Stonewater received the rating along with a stable outlook which puts it at the upper end of the sector, less than two weeks after S&P downgraded five large housing associations over increases in their market sales programmes.
All of the associations downgraded by S&P have most of their homes in London, where the current housing market is seen as riskier than in the rest of the country.
In its judgement, S&P said: “The rating reflects that we expect Stonewater to demonstrate stable financial performance through efficiently managed costs and strong profitability from its expanding property portfolio, which focuses closely on traditional social housing.
“This will negate pressure from welfare reforms and mitigate risks from higher leverage as Stonewater pursues its development program, supporting balance sheet resilience through 2021. As such, we project debt service metrics to remain contained over our 2019-2021 forecast horizon.”
The agency predicted that market-related activities at the association would, by 2021, account for around 17% of its revenues, which, it said, “could bring some uncertainty to profitability”.
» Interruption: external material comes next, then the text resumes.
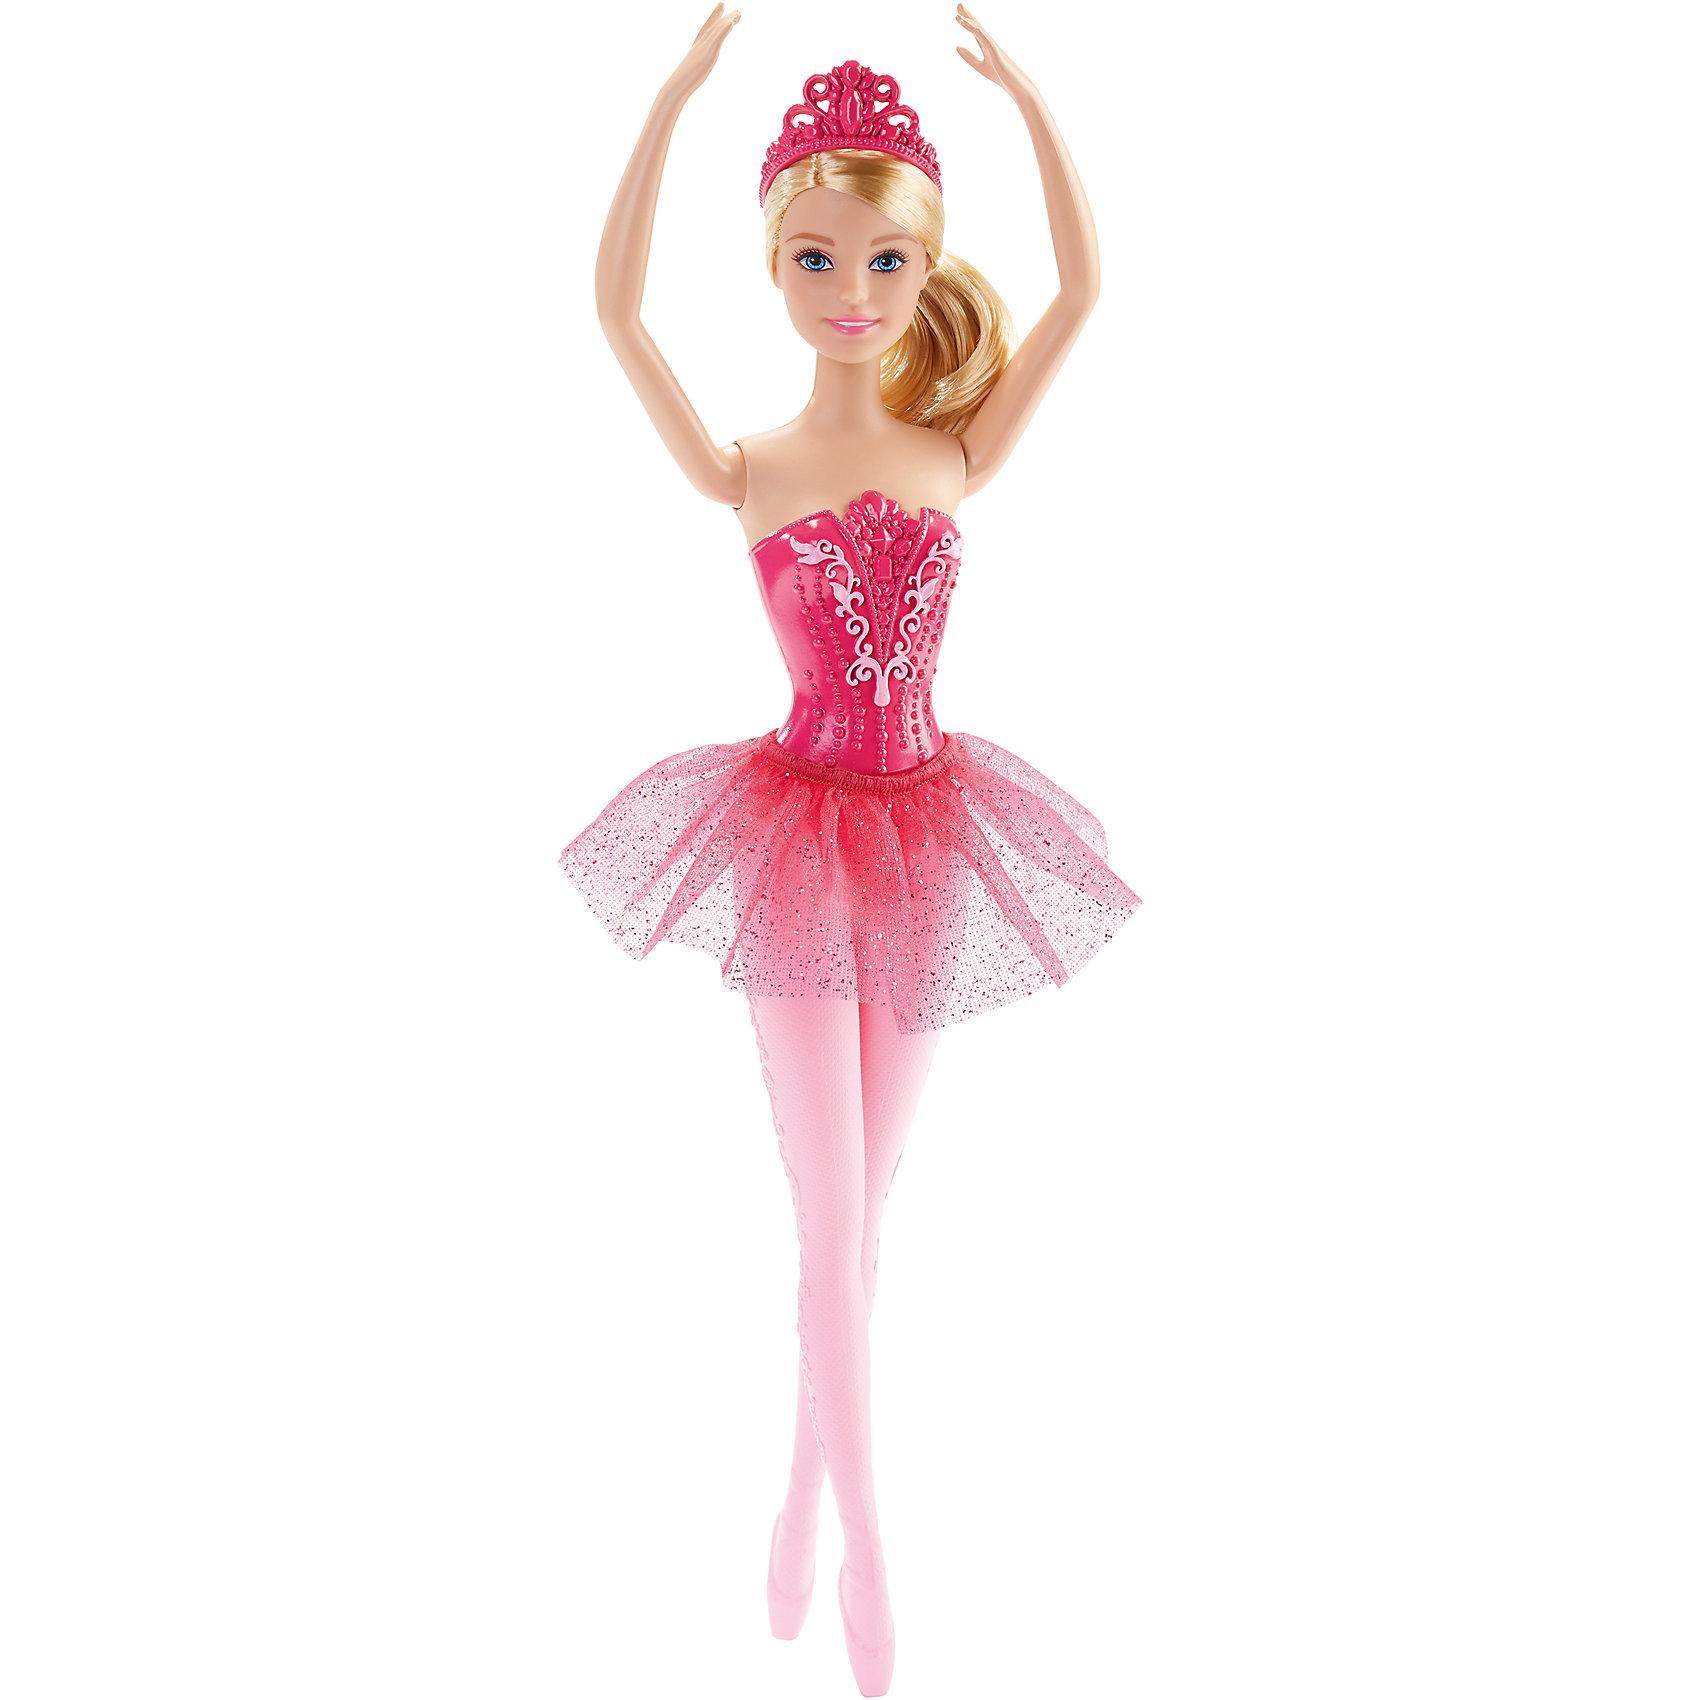 Балерина, BarbieBarbie<br>Балерина, Barbie, Mattel (Маттел) ? одна из самых знаменитых и современных на все времена куклу от Маттел ? Барби. На этот раз предстает в образе изящной балерины. Выполненная из безопасного высококачественного пластика, с подвижными частями тела ? руками, ногами, головой.<br>Балерина, Barbie, Mattel (Маттел) ? голубоглазая блондинка, одета в розовый кружевной корсет и воздушную пачку, на ногах прозрачные розовые колготки с рисунком и розовые пуанты. Прическа у Бабри, характерная для балерин, ? волосы собраны в пышный пучок, на голове ? розовая диадема. Кукла может принимать классические балетные позиции. <br>Балерина, Barbie, Mattel (Маттел) ? один из способов познакомить вашу девочку с миром классического балета. Балерина Бабри способствует сформированию чувства прекрасного, учит изяществу и грациозности.<br><br>Дополнительная информация:<br><br>- Вид игр: сюжетно-ролевые <br>- Предназначение: для дома<br>- Материал: пластик, текстиль<br>- Цвет: оттенки розового, белый<br>- Размер (Д*Ш*В): 5*9*32,5 см<br>- Вес: 198 г <br>- Особенности ухода: куклу можно мыть в теплой мыльной воде<br><br>Подробнее:<br><br>• Для детей в возрасте: от 3 лет и до 8 лет<br>• Страна производитель: Индонезия<br>• Торговый бренд: Mattel<br><br>Балерину, Barbie, Mattel (Маттел) можно купить в нашем интернет-магазине.<br><br>Ширина мм: 50<br>Глубина мм: 90<br>Высота мм: 325<br>Вес г: 198<br>Возраст от месяцев: 36<br>Возраст до месяцев: 96<br>Пол: Женский<br>Возраст: Детский<br>SKU: 4770037

This percentage, however, is relatively small compared with some in the sector, particularly London-based associations.
John Bruton, finance director at 31,500-home Stonewater, said: “This latest A+ rating highlights Stonewater’s strong financial performance in a challenging economic climate for social housing providers.
“We will continue to focus on increasing our investment in providing more good quality, affordable homes across a range of tenures.”
Stonewater issued £250m worth of bonds in November last year, but did not plan to raise any money from it immediately, instead retaining the entire bond to provide a flexible source of funding in future.
The association aims to increase the number of homes it builds annually, from 717 completions in 2016/17, to more than 1,000 new homes in 2019/20 and an additional 3,750 new social and affordable homes by 2022.